Kurs: Grundlagen und Perspektiven der Energiewende | OnCourse UB

  • Lektion 4

    • Lokale Folgen menschlicher Aktivität

      Menschliche Aktivitäten haben mannigfaltige Auswirkungen auf die Umwelt. Manche davon sind umkehrbar (reversibel) andere sind irreversibel. Solche Folgen können im Prinzip überall auf der Welt beschrieben werden. Neben der moralischen Motivation andere Lebewesen möglichst nicht zu töten oder zu verdrängen, gibt es auch pragmatische Gründe die Zerstörung von Ökosystemen kritisch zu betrachten: Ökosysteme erfüllen für die Menschheit verschiedene Funktionen, die als sogenannte Ökosystemdienstleistungen bezeichnet werden.

      Diese können in vier Bereiche unterteilt werden:
      • regulierende, 
      • versorgende, 
      • unterstützende und 
      • kulturelle Dienstleistungen.


      Im Folgenden wird beispielhaft gezeigt, wie solche Auswirkungen aussehen können und welcher Aufwand betrieben werden muss, um sie einzudämmen.

    • Lokale Folgen am Beispiel des Ruhrgebiets
      Das Ruhrgebiet ist ein Ballungsraum im Westen Deutschlands, der seit Beginn der Industrialisierung große Bedeutung für die Gewinnung von Kohle und verschiedenen Erzen hatte. Heute ist das Ruhrgebiet der größte Ballungsraum Deutschlands und ist durch die letzten 150 Jahre intensiver industrieller und bergbaulicher Aktivität geprägt. Mittlerweile wurden Bergbau und Schwerindustrie in dieser Region weitgehend aufgegeben. Die Umweltfolgen werden jedoch noch über lange Zeiträume spürbar sein und sind zum Teil irreversibel. In der Tabelle sind die Folgen verschiedener wirtschaftlicher Sektoren für das Ruhrgebiet zusammengefasst:

      (Darstellung orientiert an: Meyer, D. E. (2022). Geofaktor Mensch: Eingriffe in die Umwelt und ihre Folgen. Springer Berlin Heidelberg)

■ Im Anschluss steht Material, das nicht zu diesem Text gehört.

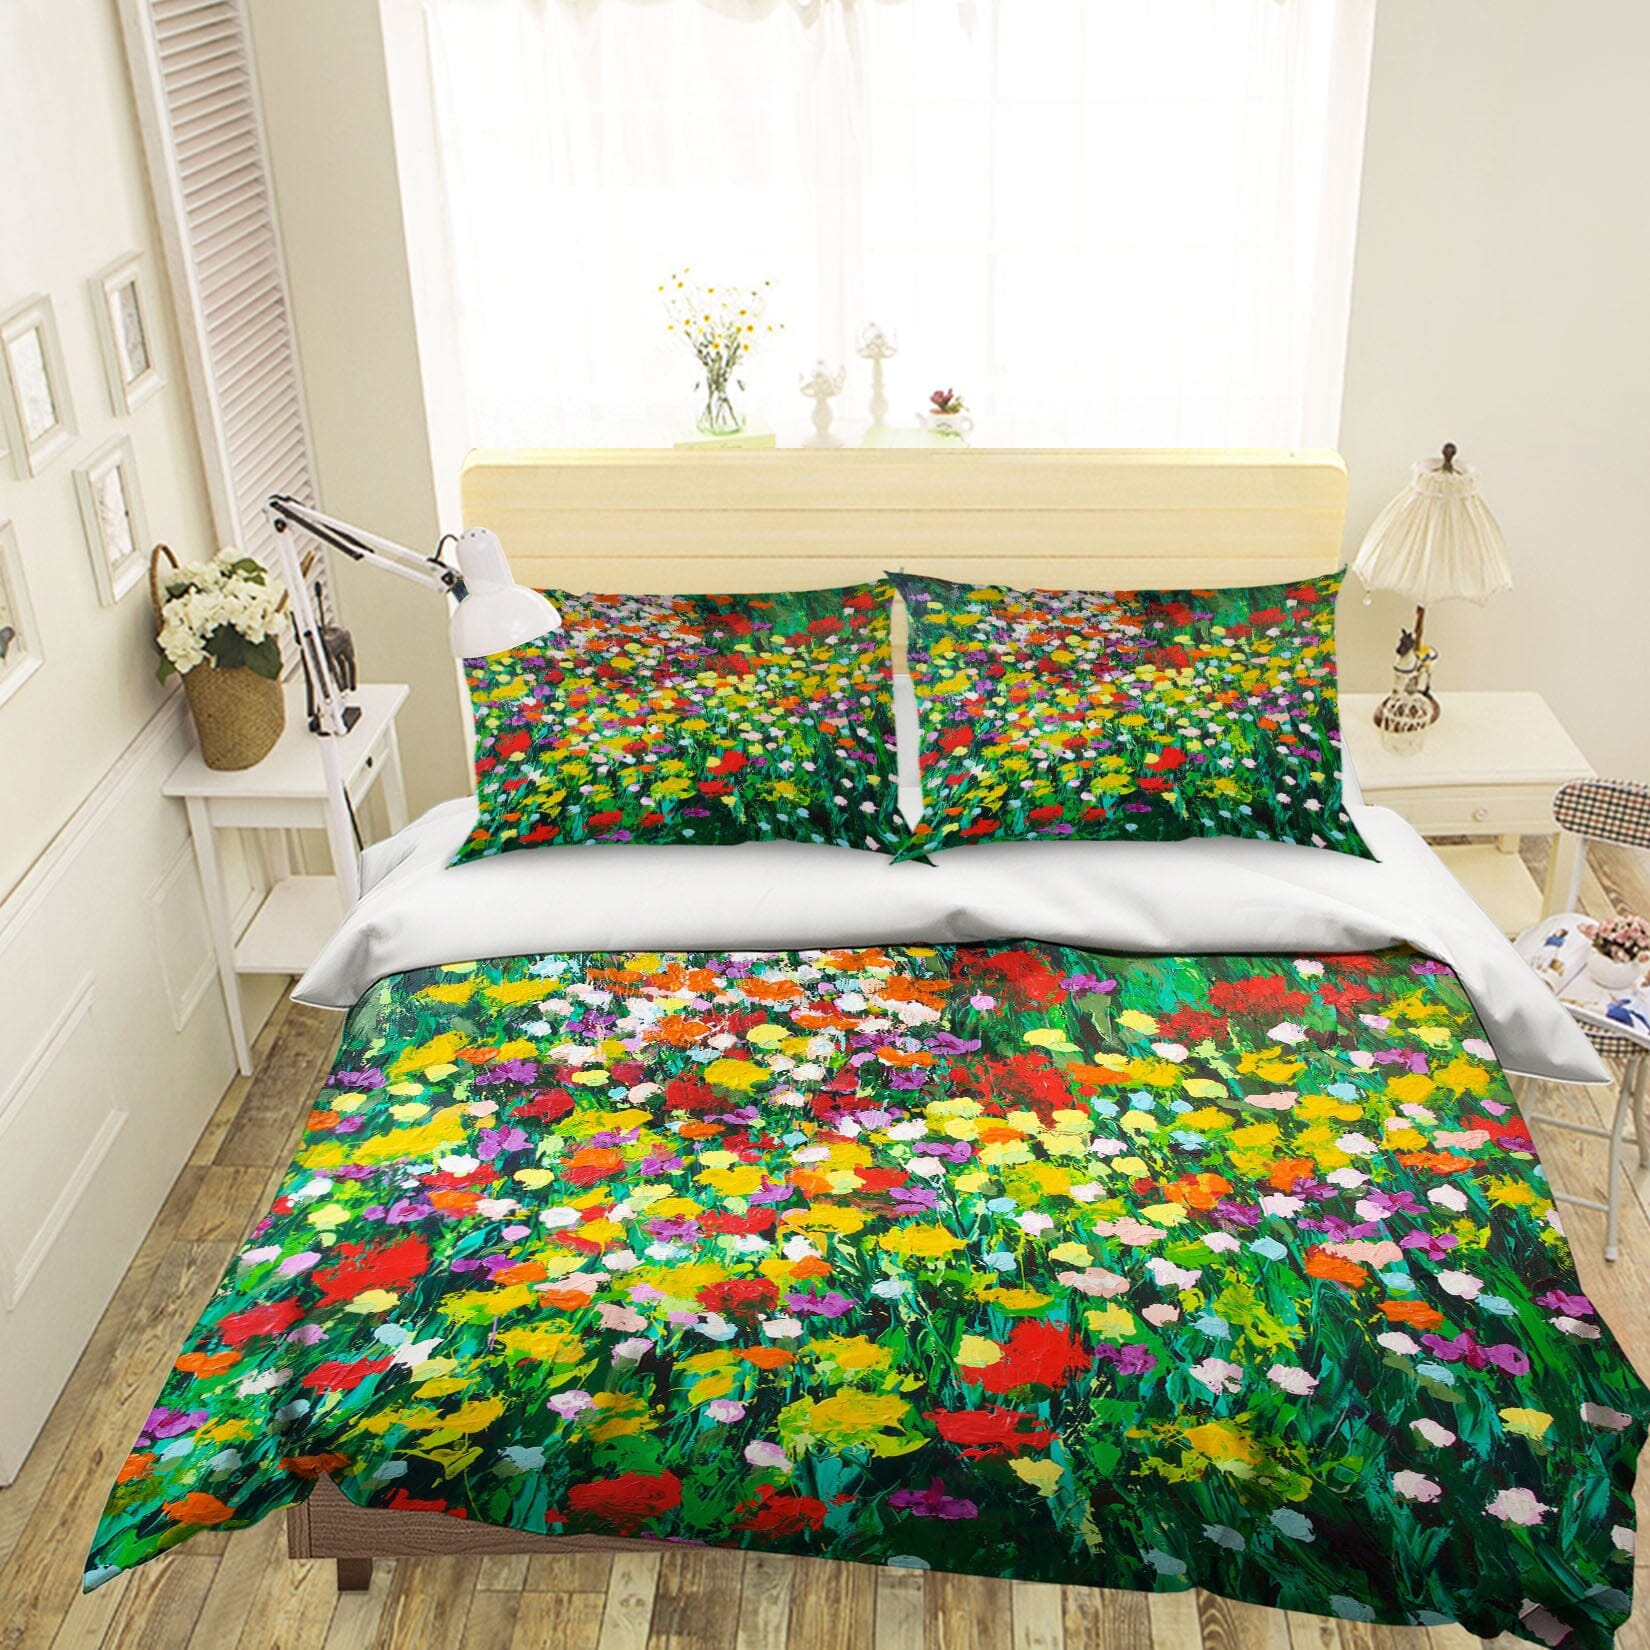 3D Floral Ocean 2018 Allan P. Friedlander Bedding Bed Pillowcases Quilt Quiet Covers AJ Creativity Home 
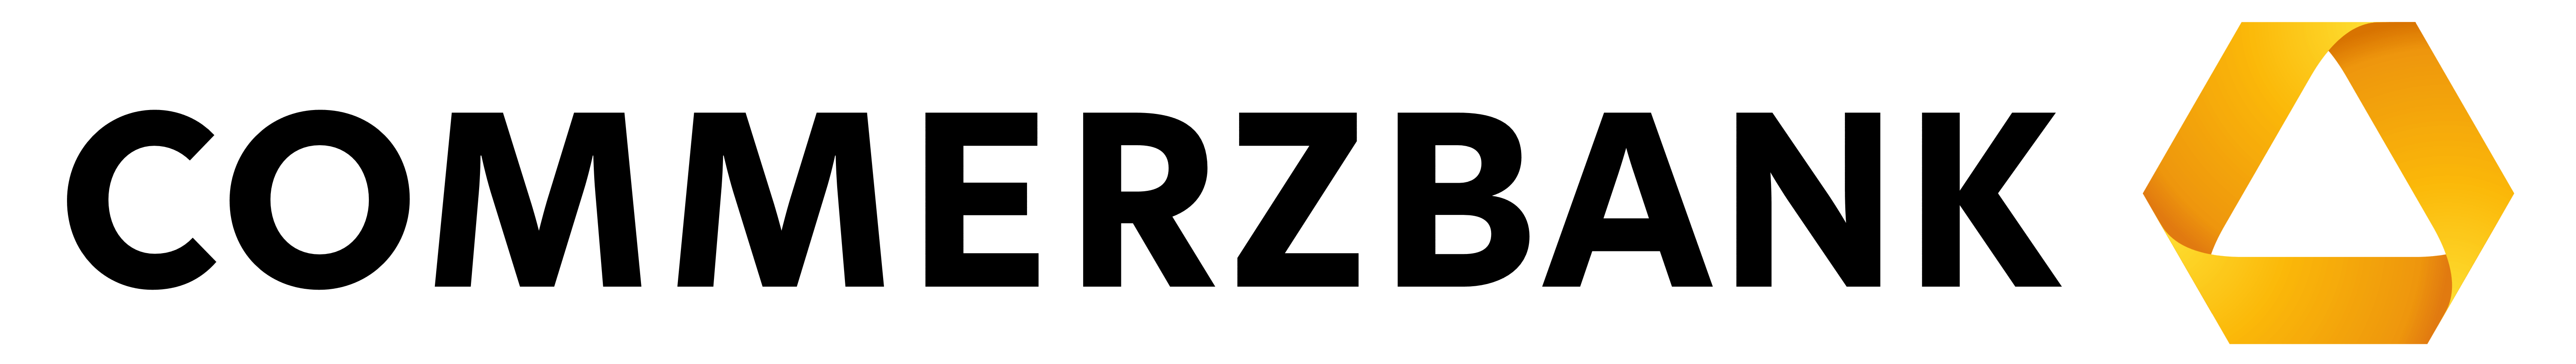 Commerzbank logo, logotype

    • Beispiel Höhenabsenkung

      Übersicht berechneter Höhendifferenzen aus einem Vergleich von Höhenangaben von 1892 und digitalen Geländemodellen für das westfälische Ruhrgebiet in 2010.


      (Quelle: Stefan Harnischmacher (2010): Bergsenkungen im Ruhrgebiet, Landschaftsverband Westfalen-Lippe (LWL), URL: https://www.westfalen-regional.de/de/bergsenkungen/)

      Beispiel Grubenwasser

      In den mittlerweile nicht mehr genutzten Schächten des Bergbaus sammelt sich Wasser, das schon früher abgepumpt wurde um die Rohstoffe zugänglich zu machen. Heute muss das Wasser abgepumpt werden, weil sonst eine Vermischung des schadstoffreichen Grubenwassers mit dem darüberliegenden Grundwasser droht, welches als Trinkwasserquelle benötigt wird. Das Grubenwasser enthält Salze, Schwermetalle und organische Schadstoffe. Eine vollständige Flutung der Schächte würde auch zur Überflutung mancher Regionen des Ruhrgebiets führen, die in den vergangenen 150 Jahren abgesunken sind. Das Abpumpen des Grubenwassers wird als sogenannte Ewigkeitsaufgabe bezeichnet, weil es vermutlich für immer fortgesetzt werden muss. Das Abpumpen ist natürlich enorm energieintensiv.